→ Task brief:
Your task is to output the listing exactly, leaving every image out.

→ Provided material:
══════

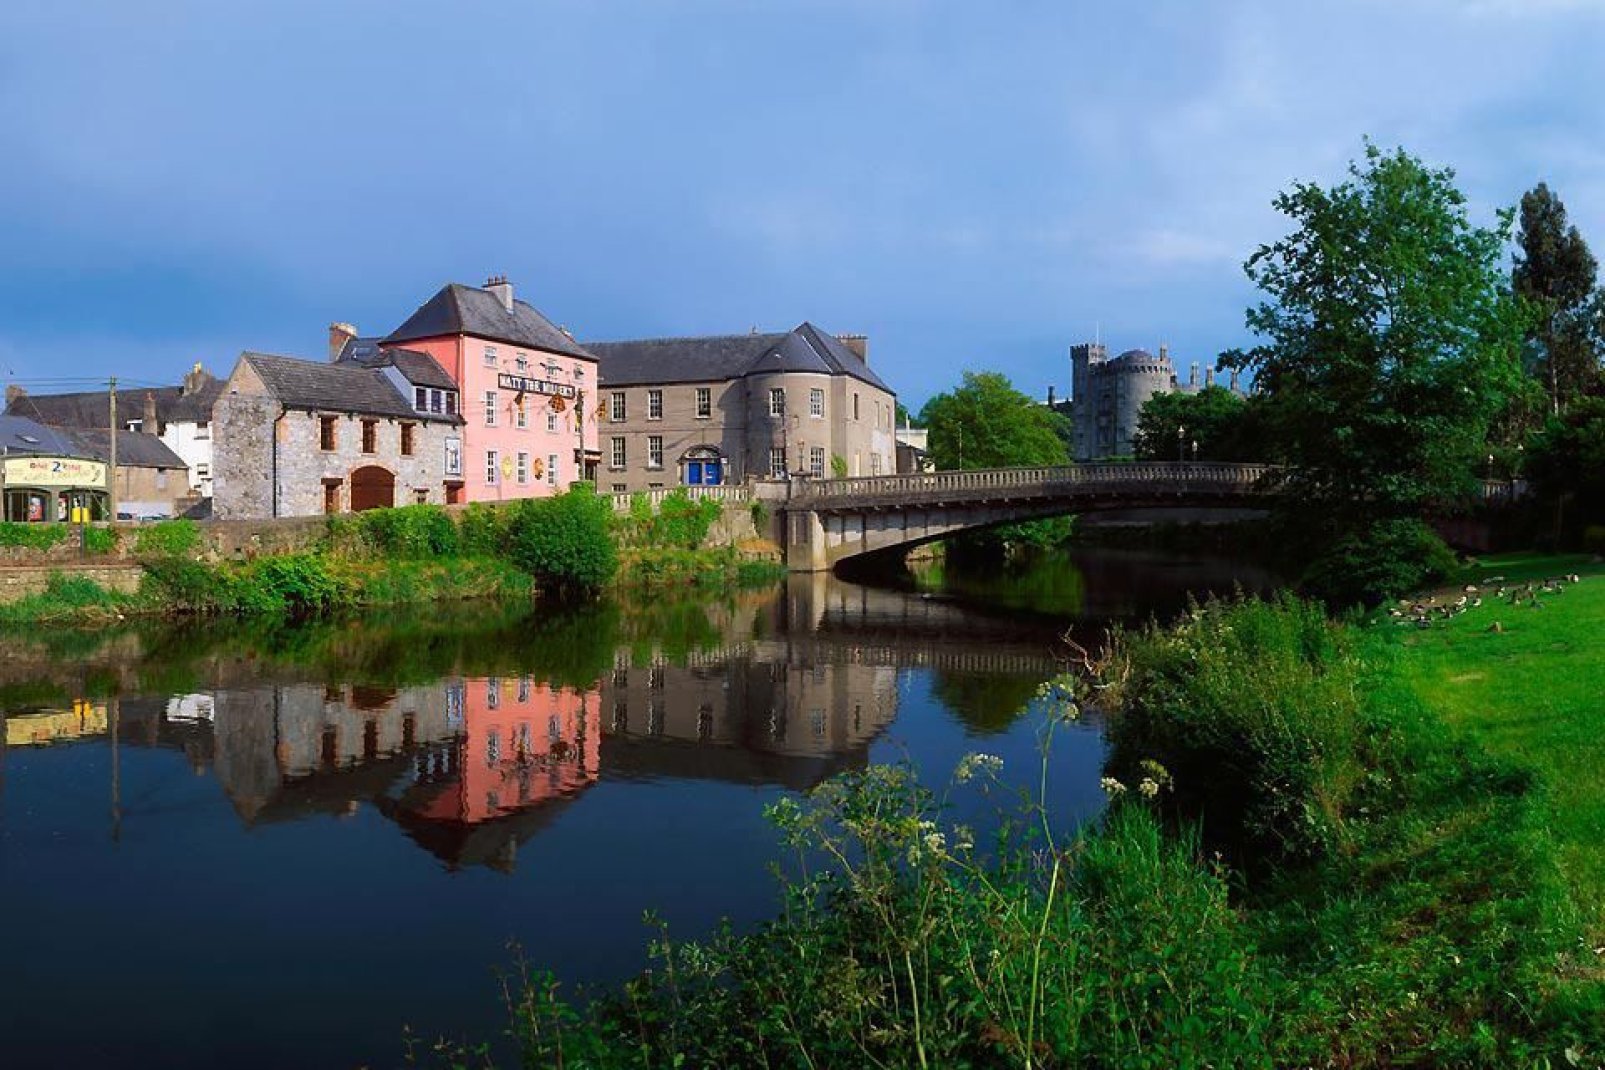 Fotos dieser Art geben das idyllische Ambiente von Kilkenny wider - eine kleine ruhige Stadt am Rande eines Flusses.
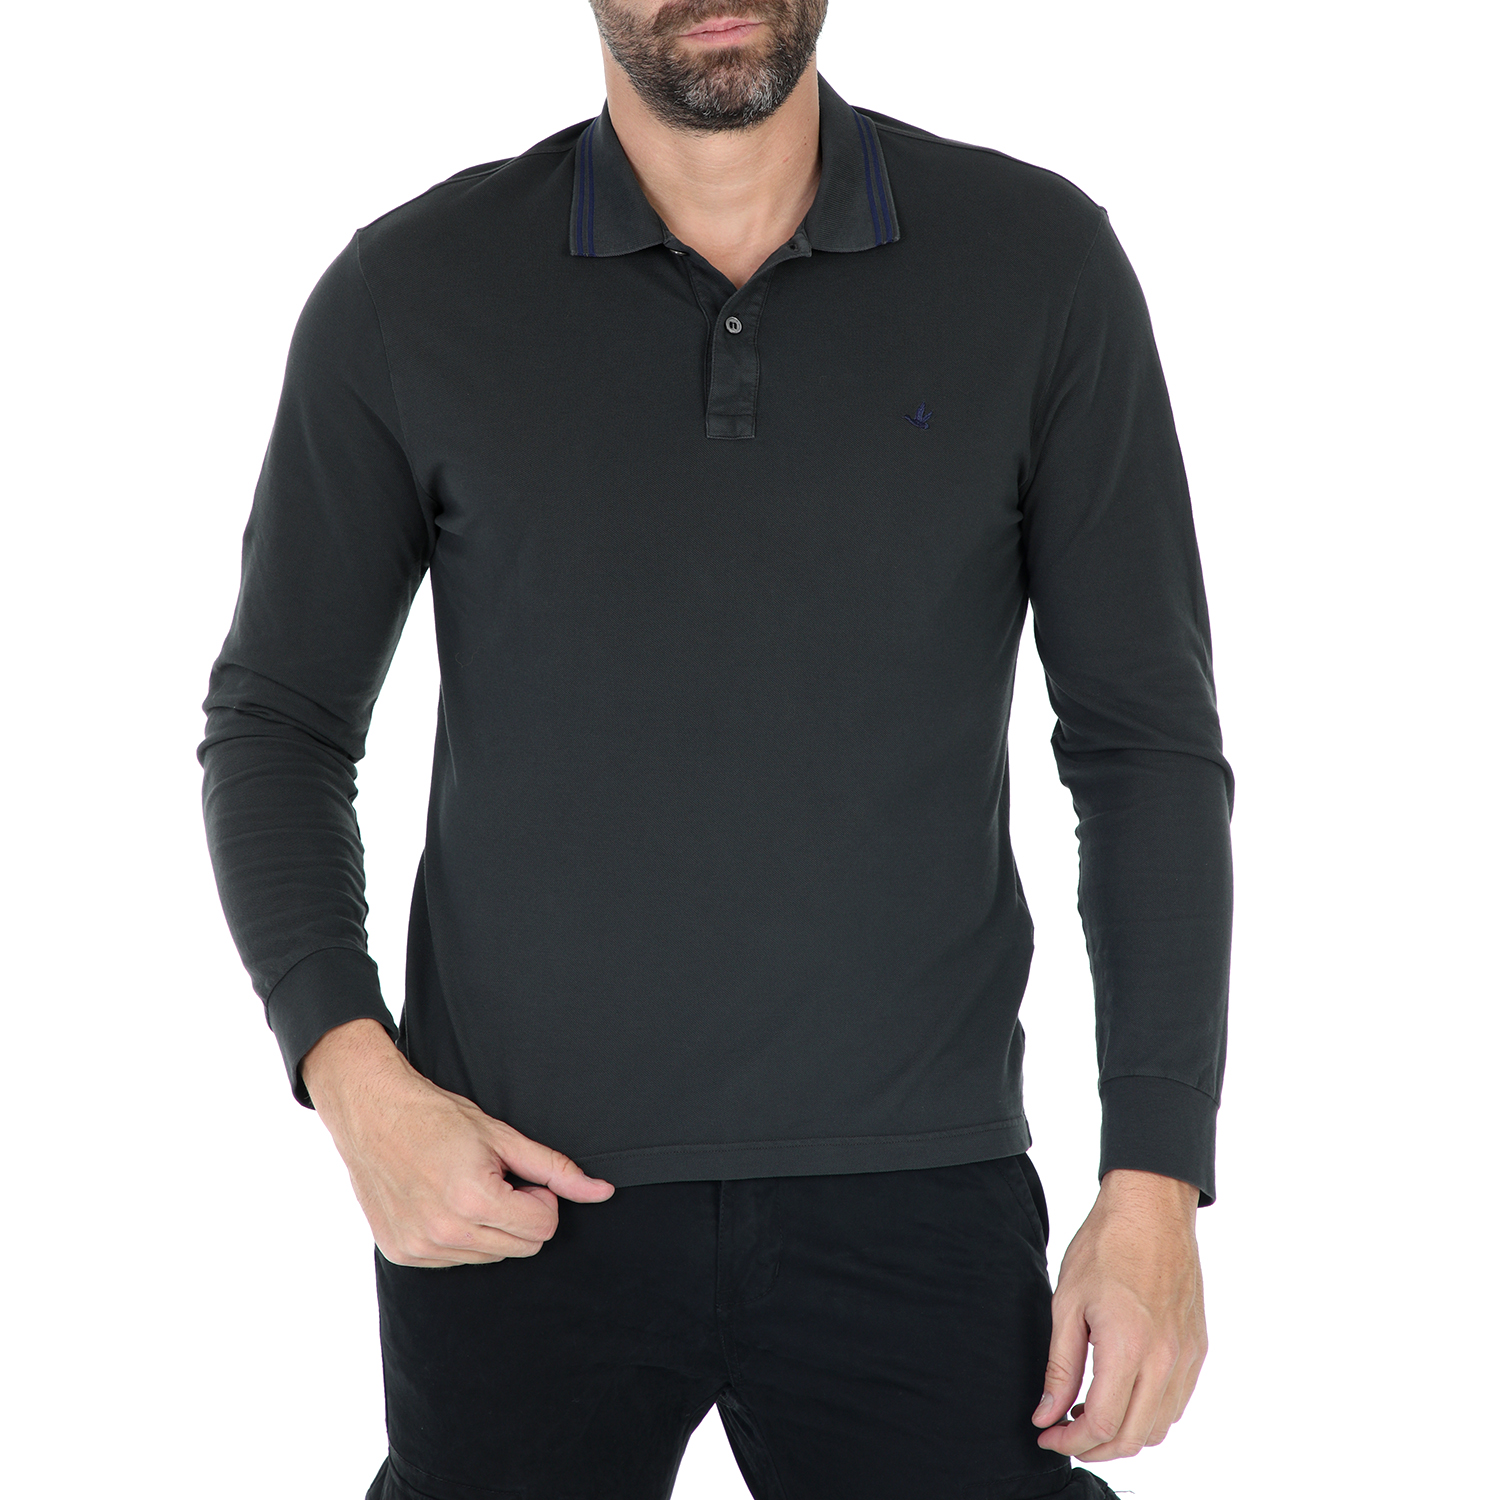 Ανδρικά/Ρούχα/Μπλούζες/Πόλο BROOKSFIELD - Ανδρική μπλούζα polo BROOKSFIELD POLO SHIRT μαύρο
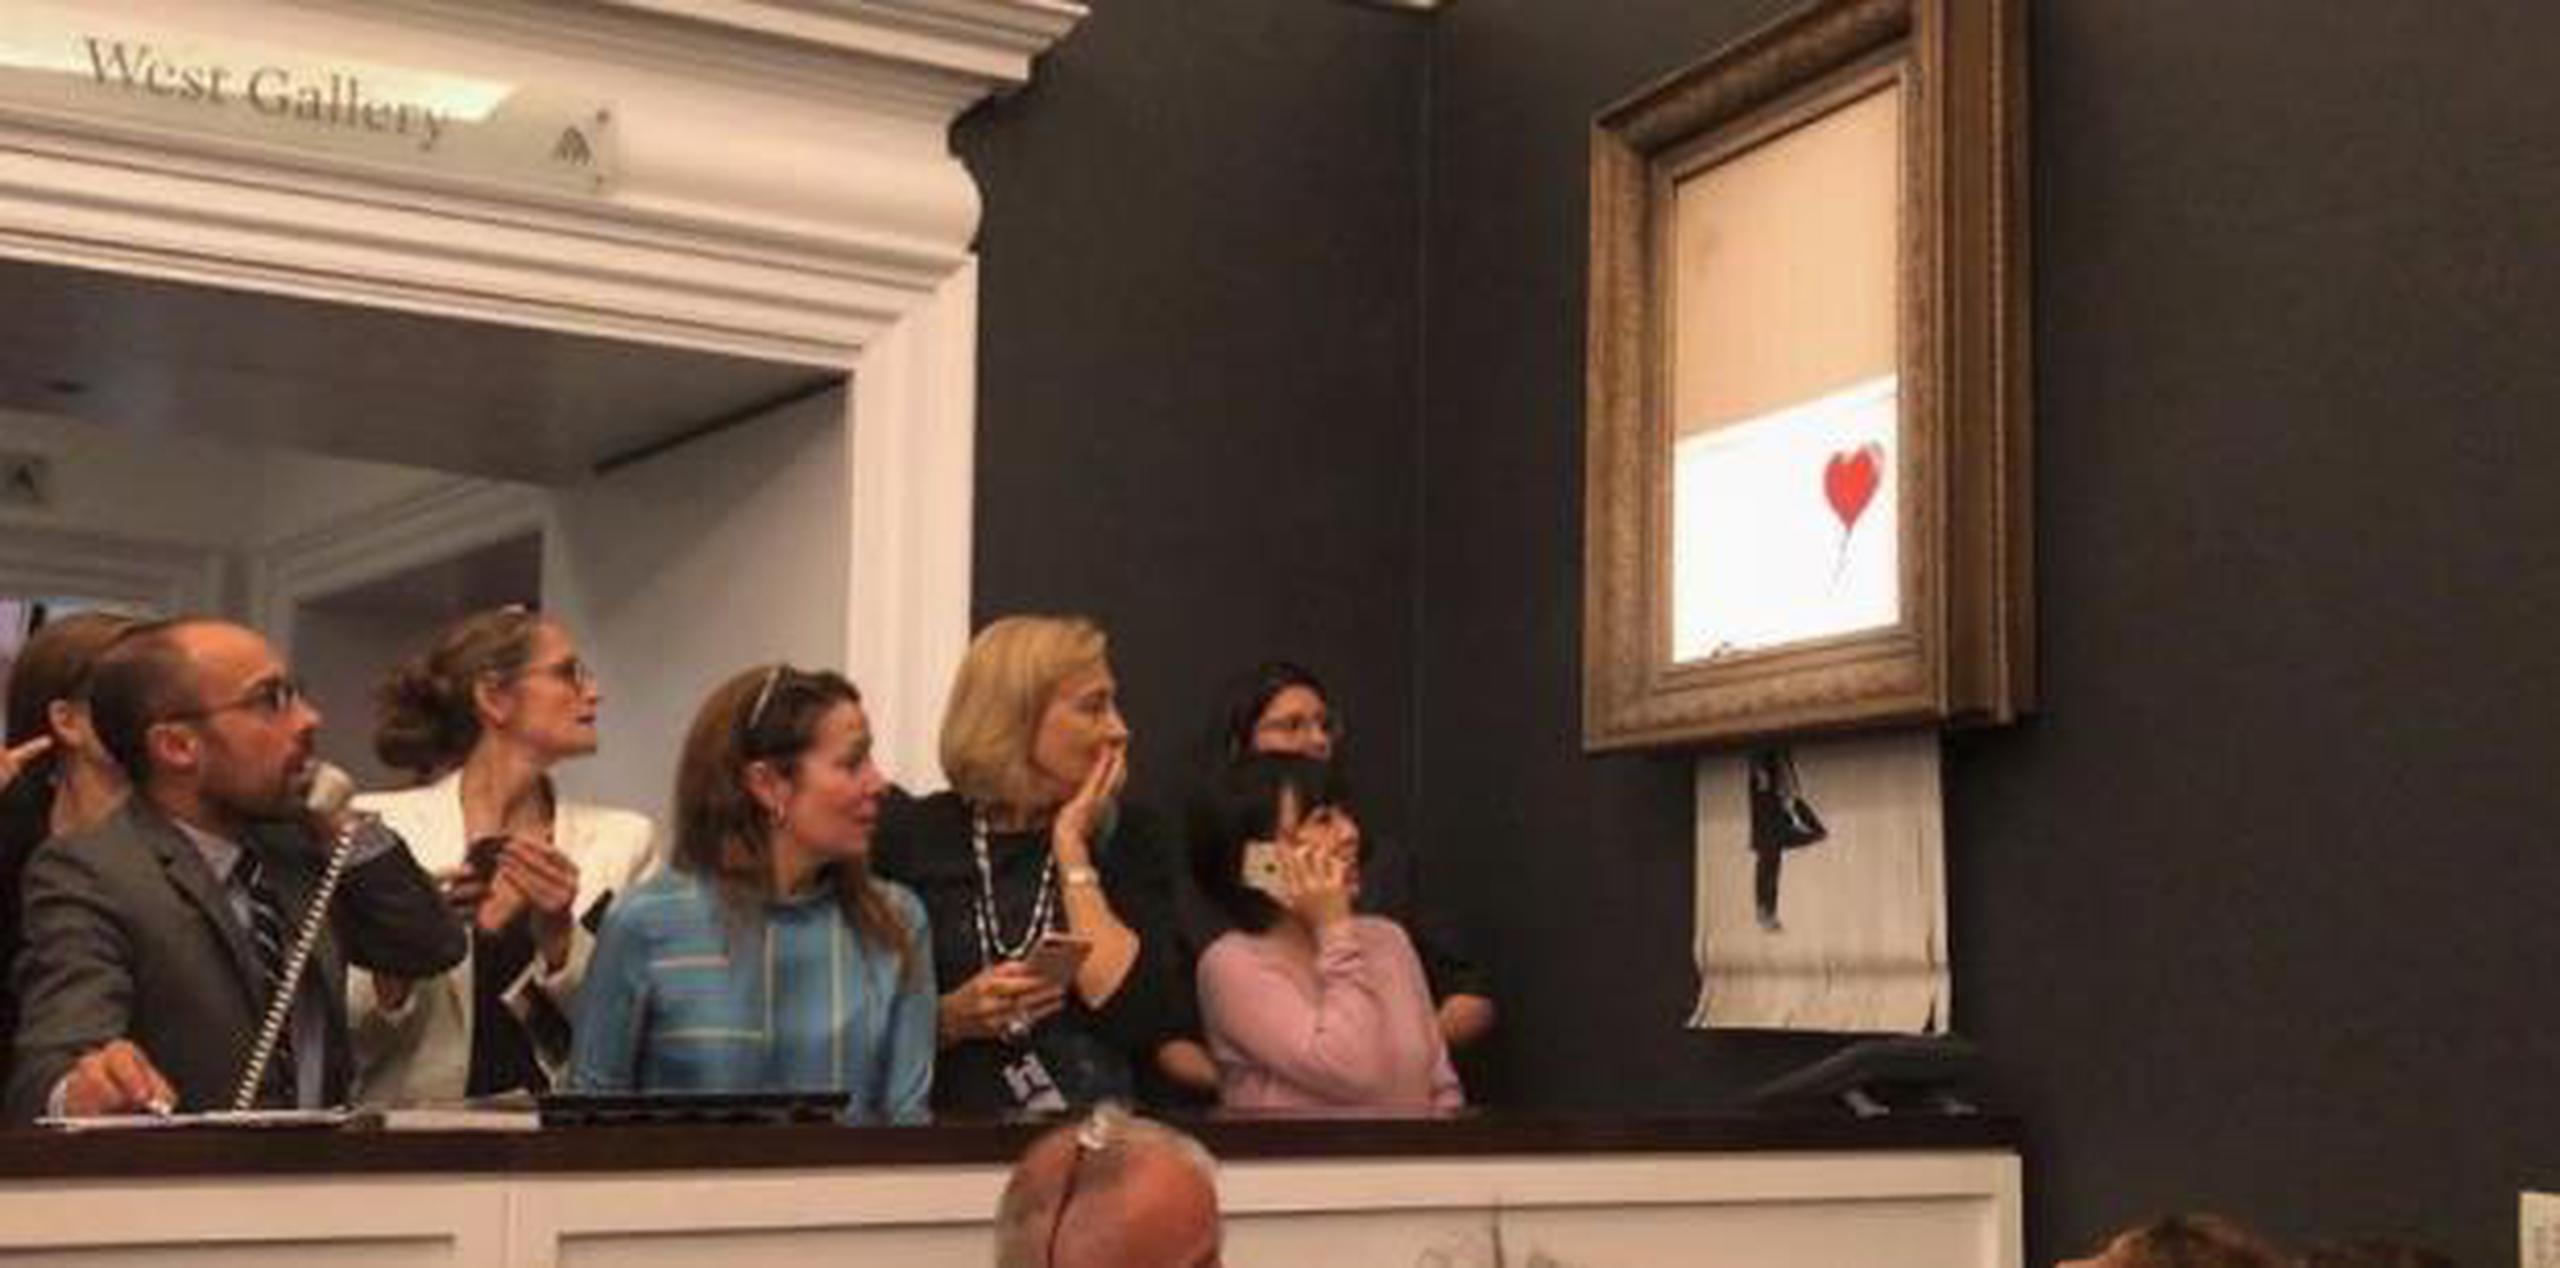 El cuadro de pintura en aerosol recaudó el triple de lo estimado e igualó el récord para el artista. (Instagram / @banksy)
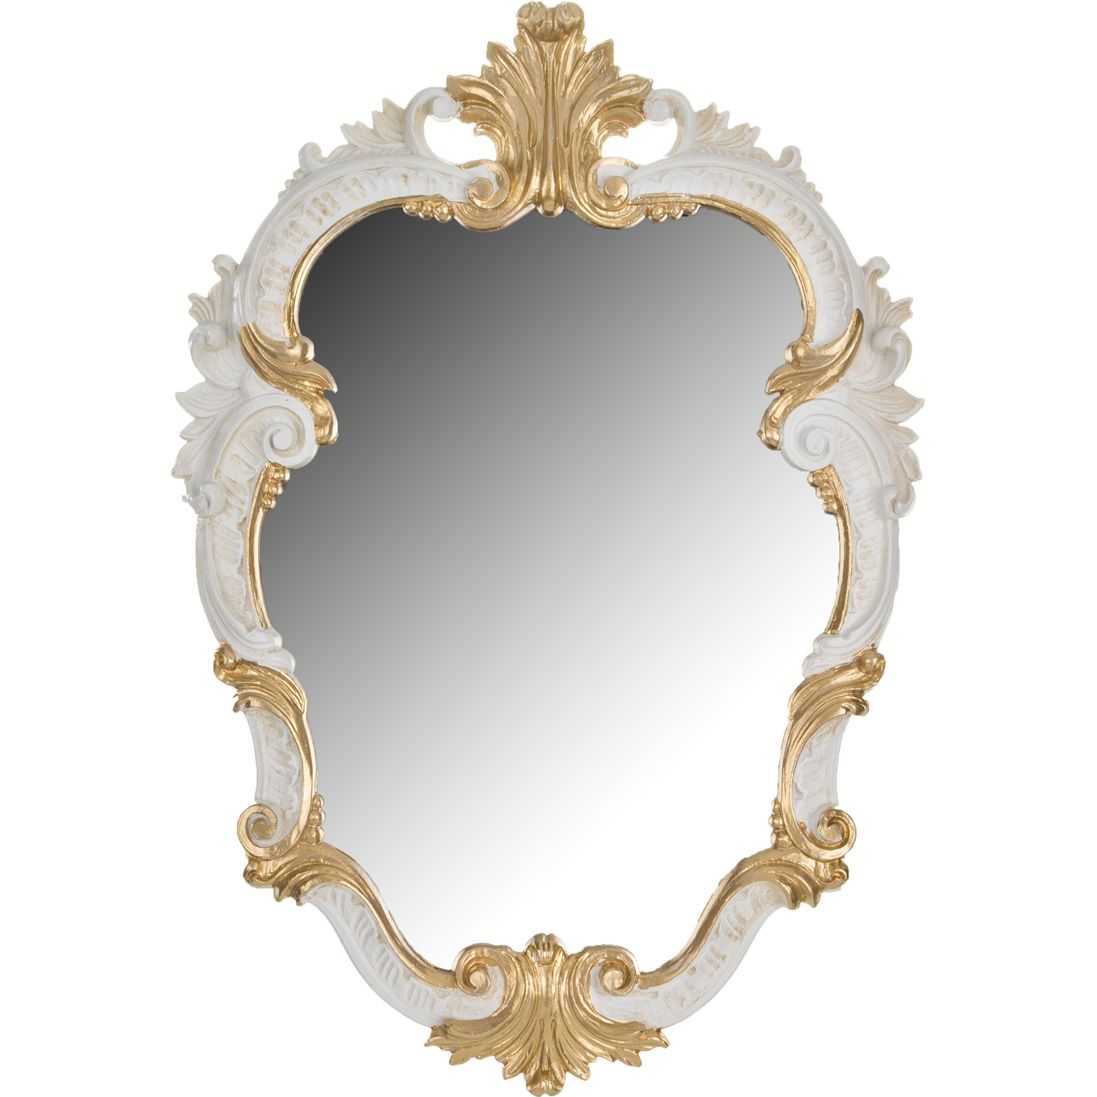 Купить зеркало настенное в спб. 290-003 Зеркало. C475-SP-AP Euromarchi зеркало. Зеркало в рамке "Ажур"(585х470мм) м1656. Зеркало настенное.

══════

→ Written response:
 Fotos dieser Art geben das idyllische Ambiente von Kilkenny wider - eine kleine ruhige Stadt am Rande eines Flusses.
 Ανδρικά/Ρούχα/Μπλούζες/Πόλο BROOKSFIELD - Ανδρική μπλούζα polo BROOKSFIELD POLO SHIRT μαύρο
 El cuadro de pintura en aerosol recaudó el triple de lo estimado e igualó el récord para el artista. (Instagram / @banksy)
 Купить зеркало настенное в спб. 290-003 Зеркало. C475-SP-AP Euromarchi зеркало. Зеркало в рамке "Ажур"(585х470мм) м1656. Зеркало настенное.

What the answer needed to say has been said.